▶ **EXERCISE AIM**
Copy out every line of the material below, character for character, apart from the pictures.

▶ **DATA PROVIDED**
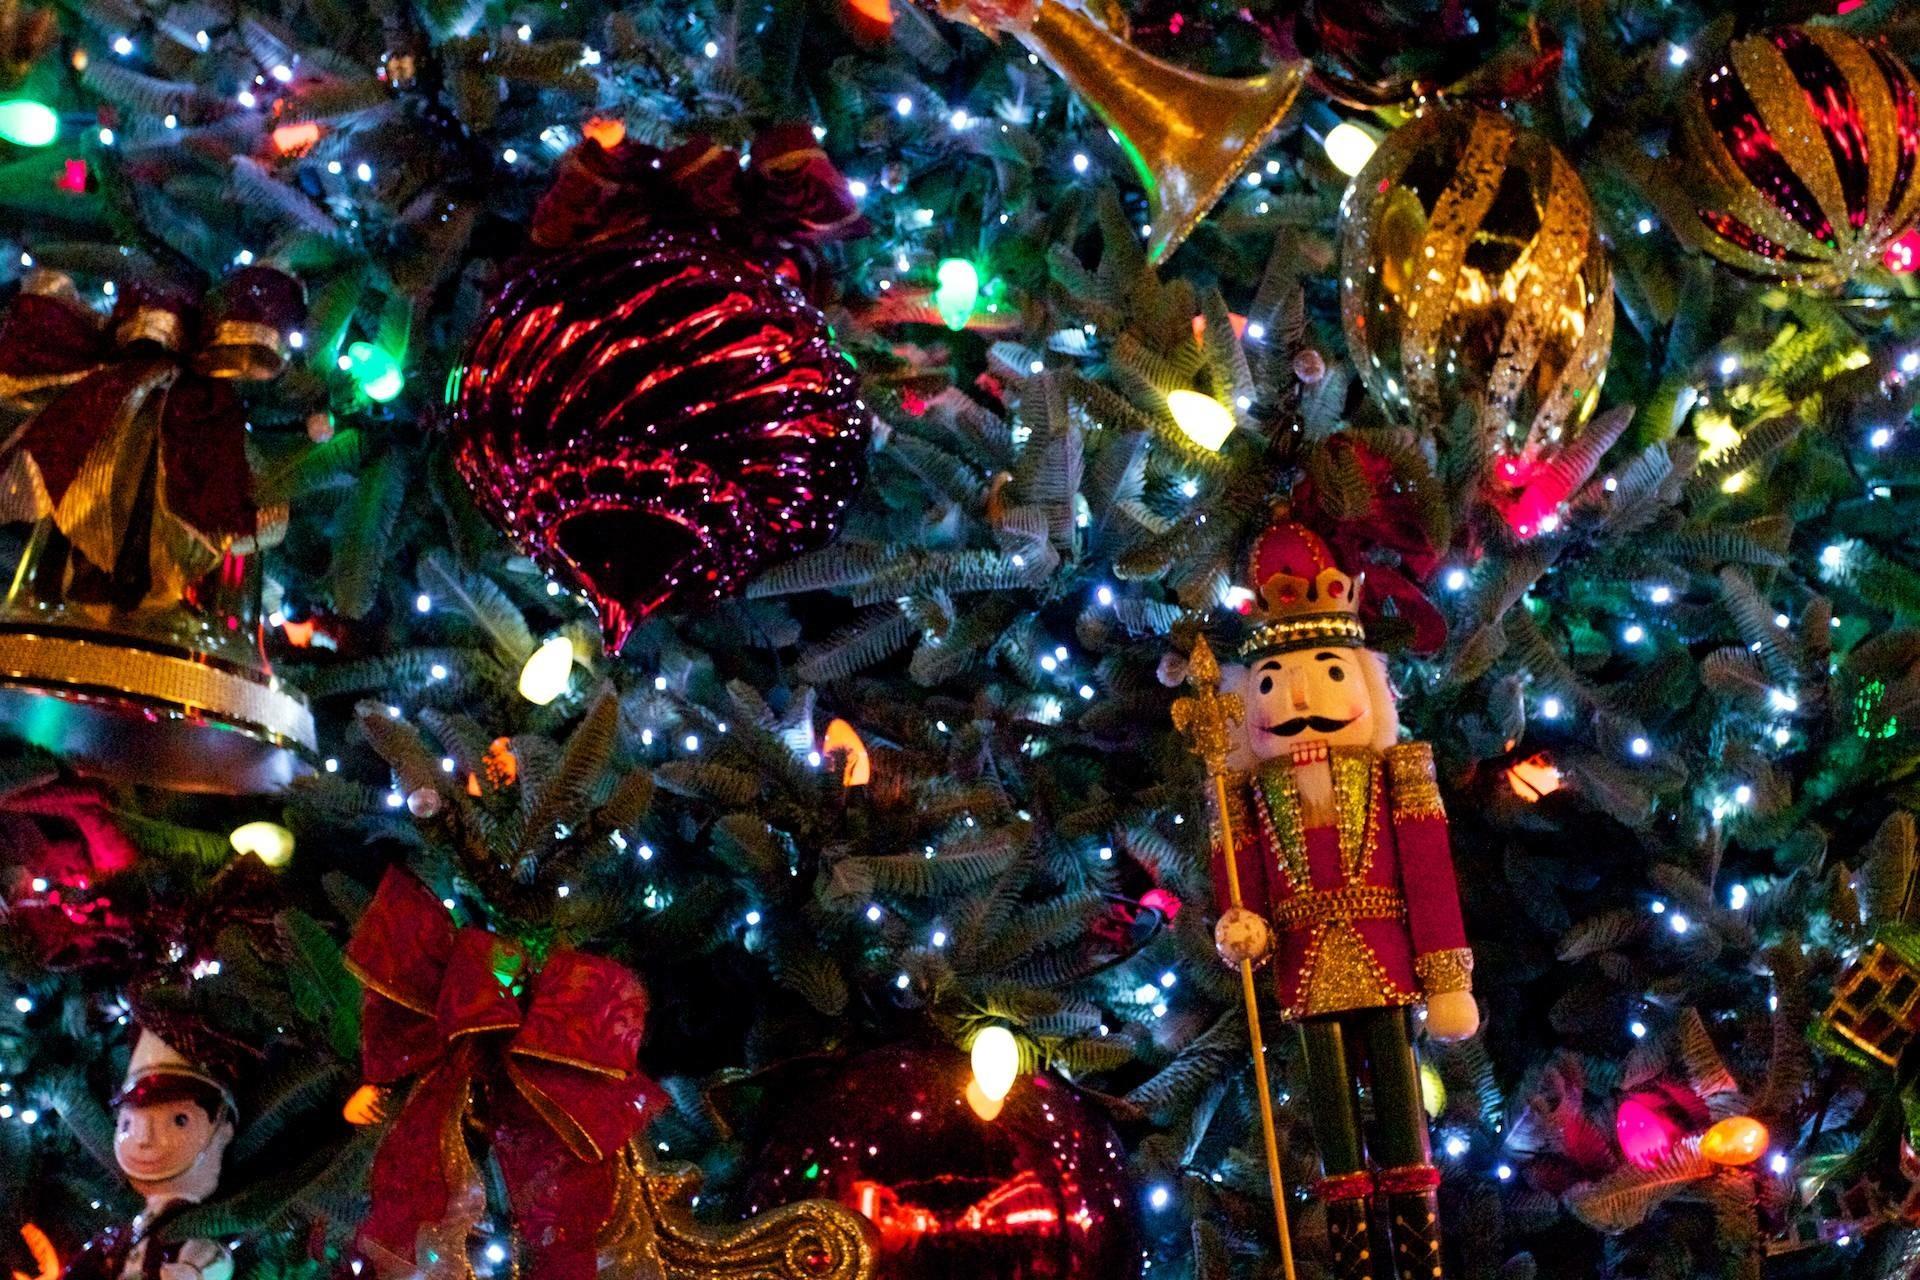 Christmas Tree with Nutcracker Desktop Wallpaper 1920x1280PX .
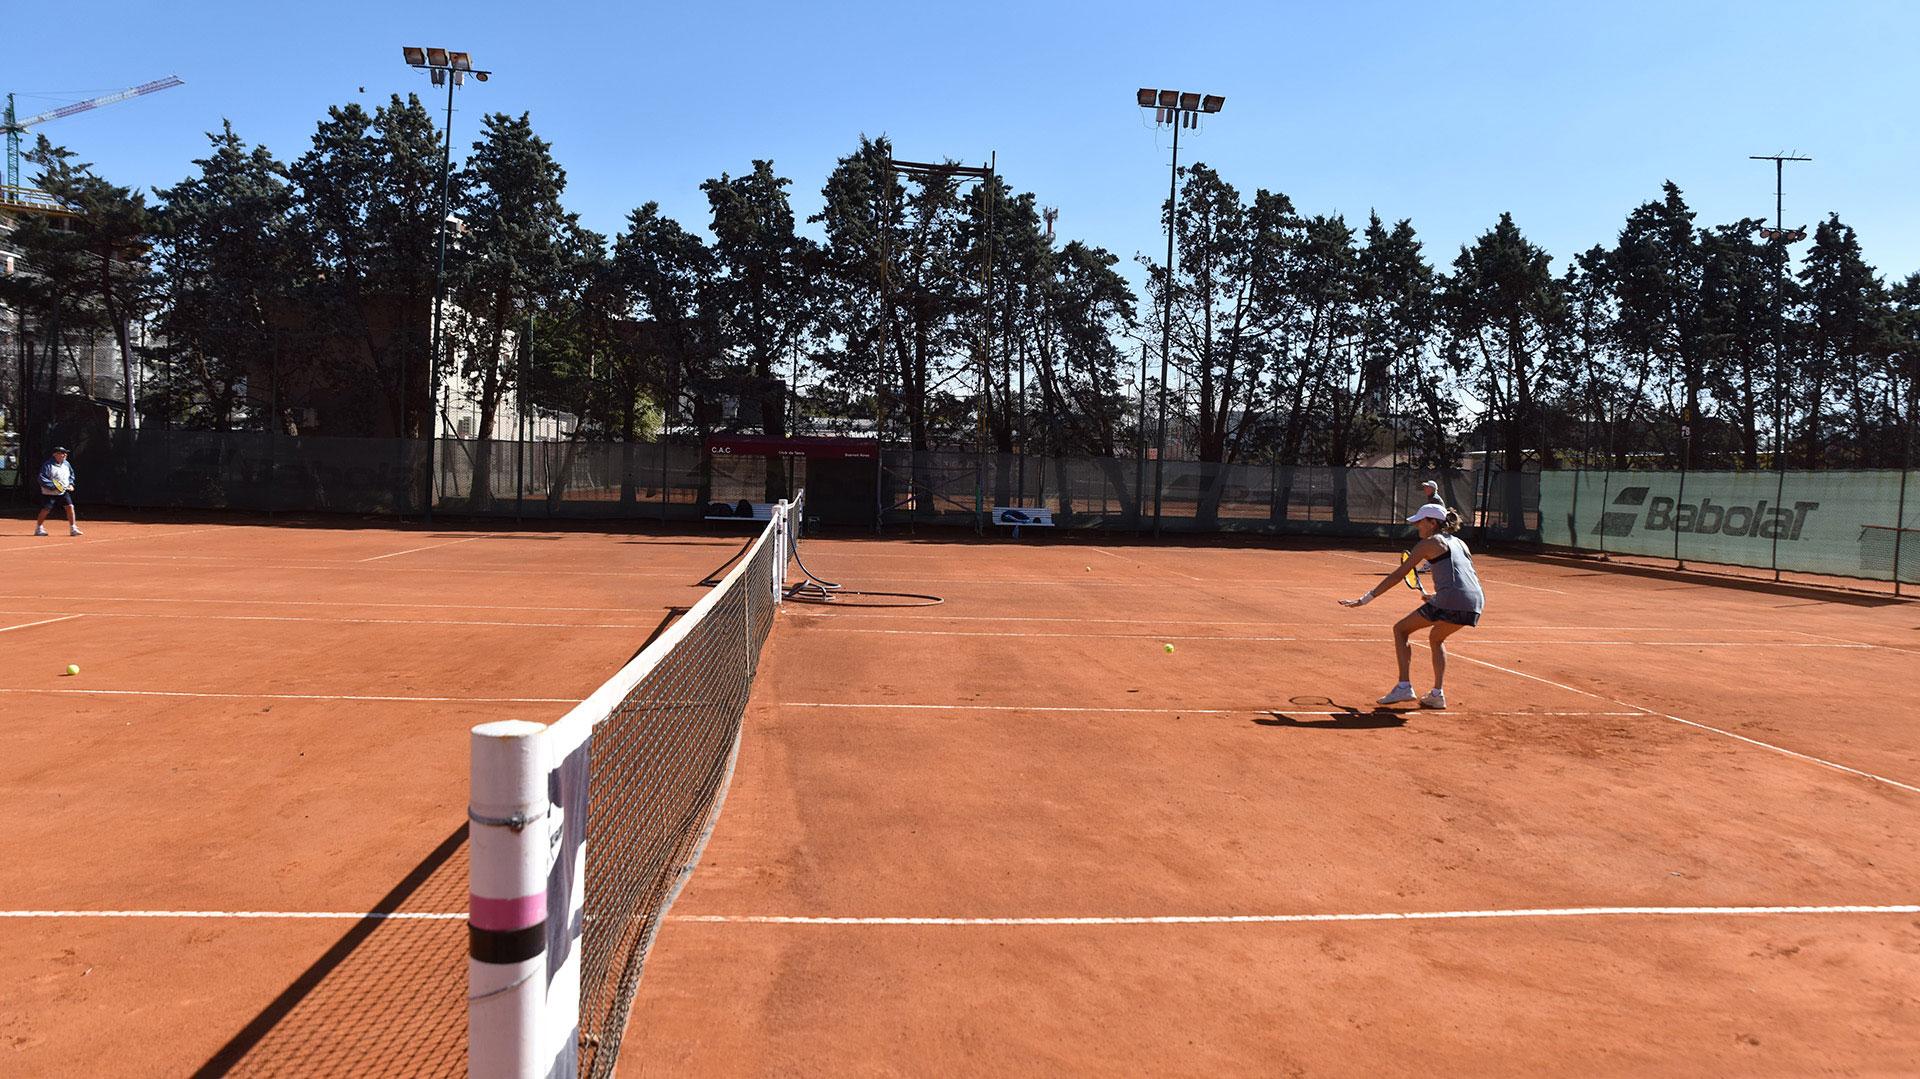 La jornada de sol acompañó al regreso del tenis
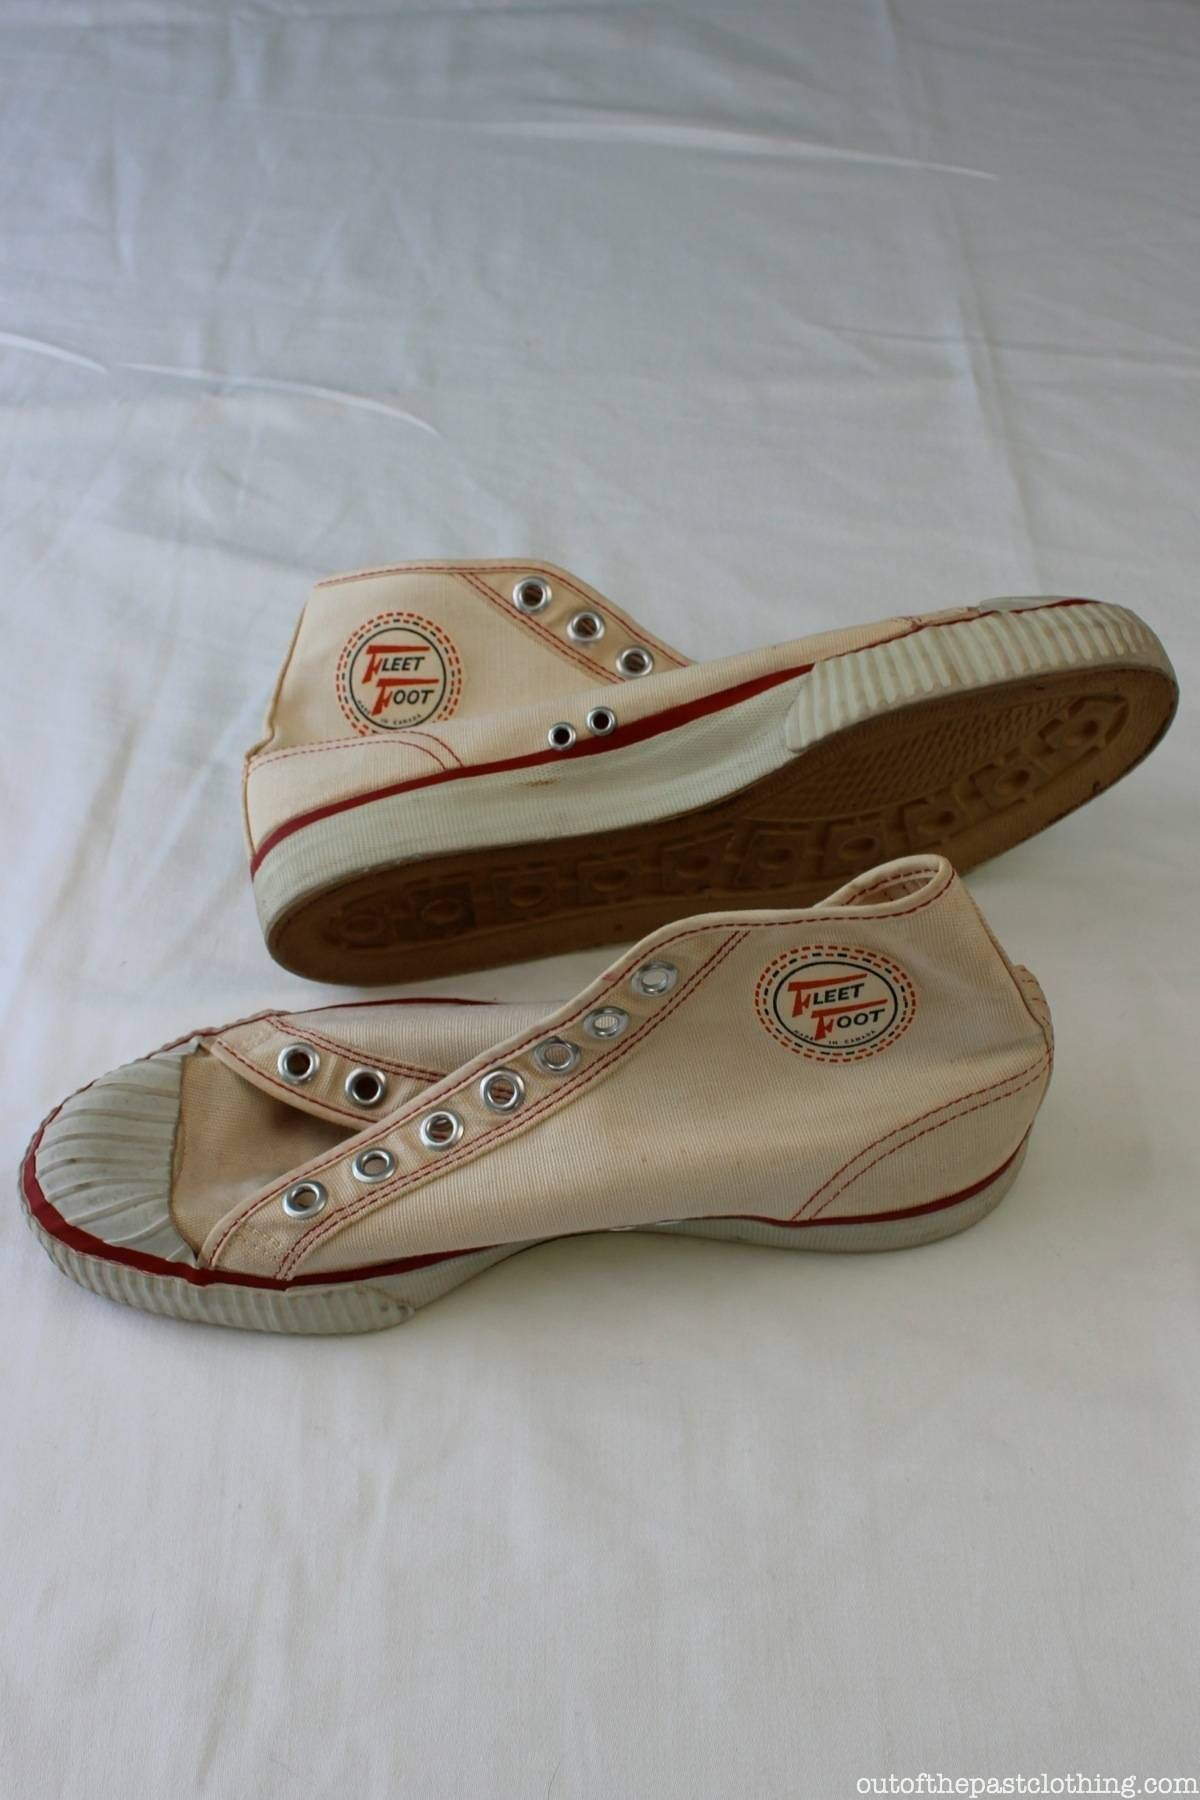 Fleet Foot Canadian Vintage 1940s High Top Canvas Shoes Fleet Feet Vintage Shoes Fleet Feet Shoes

▶ **ANSWER TO THIS PROBLEM**
 Christmas Tree with Nutcracker Desktop Wallpaper 1920x1280PX .
 La jornada de sol acompañó al regreso del tenis
 Fleet Foot Canadian Vintage 1940s High Top Canvas Shoes Fleet Feet Vintage Shoes Fleet Feet Shoes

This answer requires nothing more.